# Is there any scenario in which the size of a molecule increases due to an increase in temperature?

Take an ice cube for example. Heat is applied in a closed container until it is vaporized completely. Will the molecule's size be larger (on average)? Is there a substance that you know of that has odd behaviour such as changing molecular size due to temperature change? Obviously there would be more pressure in the case of $H_2O$. Have you heard of any substances that are exceptions to this rule? I would love to hear about it if you have.

If this question hasn't quite boggled your mind or you are having trouble thinking of an exception, let's say that an average diamond at about room temperature (something with entropy, ie: not a perfect lattice) and we say that this is a single macro-molecule because every carbon atom present in the diamond shares a bond with another carbon in the diamond.

Pretend we heat said diamond up a bit or let it sit for awhile. Are covalent bonds being broken and reformed as time goes on? If we heated it up enough without breaking the lattice completely, would the diamond itself, the molecule as a whole, increase in size at all? Or would the bonds just be broken more often and reformed, and the size change would be so negligible that it could hardly be considered an increase in volume?

• @CHM if you go beyong the harmonic oscillator, and introduce higher-order terms in your interatomic potential (say, a Morse potential), you’ll get a different picture… – F'x Sep 3 '12 at 7:58
• @F'x Yes, obviously. I only provided the simplest possible model. Your answer is better. – CHM Sep 3 '12 at 8:03

First, let me remark to “the size of a molecule” is not particularly well-defined. I assume in the following that you are interested about bond lengths (which are averages over time of distances between bonded atoms), as seems to be the case in your example. In the simplest case, you can consider an isolated diatomic molecule (think: gas phase N2), and we suppose we're not going to temperature high enough to ionize it or otherwise break its bond. Because the interatomic potential is asymmetric:

you can see that, as the temperature increases and the system is allowed to explore more of the potential energy curve (climb higher up the well), the average bond length will increase and not stay constant. So, for a single bond in an isolated molecule, it is expected that the bond lenghtens with temperature.

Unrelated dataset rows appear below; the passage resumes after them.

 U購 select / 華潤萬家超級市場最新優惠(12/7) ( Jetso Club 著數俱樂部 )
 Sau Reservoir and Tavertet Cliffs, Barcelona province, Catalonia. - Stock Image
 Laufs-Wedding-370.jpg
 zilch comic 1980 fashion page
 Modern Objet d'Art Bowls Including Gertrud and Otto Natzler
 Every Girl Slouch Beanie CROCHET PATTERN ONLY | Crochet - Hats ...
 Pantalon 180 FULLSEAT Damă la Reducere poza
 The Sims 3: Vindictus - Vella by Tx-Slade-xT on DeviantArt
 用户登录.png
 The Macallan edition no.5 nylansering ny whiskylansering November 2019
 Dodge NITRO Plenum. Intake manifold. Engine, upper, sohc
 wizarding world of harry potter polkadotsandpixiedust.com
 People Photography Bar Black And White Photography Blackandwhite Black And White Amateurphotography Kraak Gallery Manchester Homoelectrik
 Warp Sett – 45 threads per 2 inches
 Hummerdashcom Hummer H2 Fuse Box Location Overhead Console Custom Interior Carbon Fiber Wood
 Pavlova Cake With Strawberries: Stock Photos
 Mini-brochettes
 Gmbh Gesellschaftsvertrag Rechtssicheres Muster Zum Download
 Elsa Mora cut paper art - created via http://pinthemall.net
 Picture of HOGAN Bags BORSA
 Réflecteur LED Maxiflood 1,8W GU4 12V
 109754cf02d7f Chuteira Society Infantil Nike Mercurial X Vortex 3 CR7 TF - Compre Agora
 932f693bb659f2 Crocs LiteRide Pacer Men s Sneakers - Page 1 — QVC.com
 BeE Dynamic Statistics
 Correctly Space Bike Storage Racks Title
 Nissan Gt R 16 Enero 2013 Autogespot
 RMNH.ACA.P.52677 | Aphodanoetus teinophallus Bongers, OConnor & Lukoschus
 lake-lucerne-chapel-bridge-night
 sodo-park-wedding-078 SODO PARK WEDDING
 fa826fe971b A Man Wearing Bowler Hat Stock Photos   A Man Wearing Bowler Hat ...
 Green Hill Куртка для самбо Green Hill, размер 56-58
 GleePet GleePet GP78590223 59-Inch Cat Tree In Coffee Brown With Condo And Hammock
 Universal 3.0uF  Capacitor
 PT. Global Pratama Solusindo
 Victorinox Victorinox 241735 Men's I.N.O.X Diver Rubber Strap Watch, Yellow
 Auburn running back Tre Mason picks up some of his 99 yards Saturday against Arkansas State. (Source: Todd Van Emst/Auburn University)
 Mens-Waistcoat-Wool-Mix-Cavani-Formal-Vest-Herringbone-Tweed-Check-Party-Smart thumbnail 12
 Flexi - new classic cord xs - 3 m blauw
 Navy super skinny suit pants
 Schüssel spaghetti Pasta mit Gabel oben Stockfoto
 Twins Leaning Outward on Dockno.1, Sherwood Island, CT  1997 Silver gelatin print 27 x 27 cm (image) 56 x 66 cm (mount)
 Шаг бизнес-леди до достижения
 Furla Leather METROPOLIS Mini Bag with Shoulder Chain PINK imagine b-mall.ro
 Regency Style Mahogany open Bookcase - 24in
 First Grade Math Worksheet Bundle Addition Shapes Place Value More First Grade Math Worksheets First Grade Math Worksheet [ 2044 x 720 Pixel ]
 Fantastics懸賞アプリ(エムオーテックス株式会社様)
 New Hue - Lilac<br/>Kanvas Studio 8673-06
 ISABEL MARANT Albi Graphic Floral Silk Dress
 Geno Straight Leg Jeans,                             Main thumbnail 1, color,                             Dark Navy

Now, one case where the overall “size expansion” can be clearly studied is that of crystalline materials. In solids, the evolution of volume as a function of temperature is named thermal expansion, and is characterized by the parameter of the same name, defined as: $$\large \alpha = \frac{1}{V} \frac{\partial V}{\partial T}$$ Because bonds grow longer with increasing temperature, most materials display a positive thermal expansion, i.e. they expand with temperature. This is, for example, the case for diamond, with $\alpha \approx +10^{-6} \text K^{-1}$.

However, some materials display the oppositive behavior, and shrink upon temperature increase. This phenomenon is called negative thermal expansion (NTE), and is rather uncommon.

This question has been answered from the point of view of vibration by @F'x; however, rotation of molecules is also quantized. The rotational energy levels are populated according to a Boltzmann distribution. The higher the temperature, the more-populated higher energy levels become.

Rotation of a diatomic molecule centrifugally stretches the bond length.

The article Centrifugal distortions in molecules: An ab initio approach quantifies the bond lengths of some simple molecules as a function of rotational energy level (J).

The most accurate calculations can be made for $\ce{H2+}$ because there is only one electron.

In the ground state bond length is 1.058 Angstroms.

The bond length progressively increases with increasing J (see Fig. 1), reaching 2.72 Angstroms for J=43.

Beyond J=43, the molecule is no longer stable because the centrifugal force is enough to pull the atoms apart.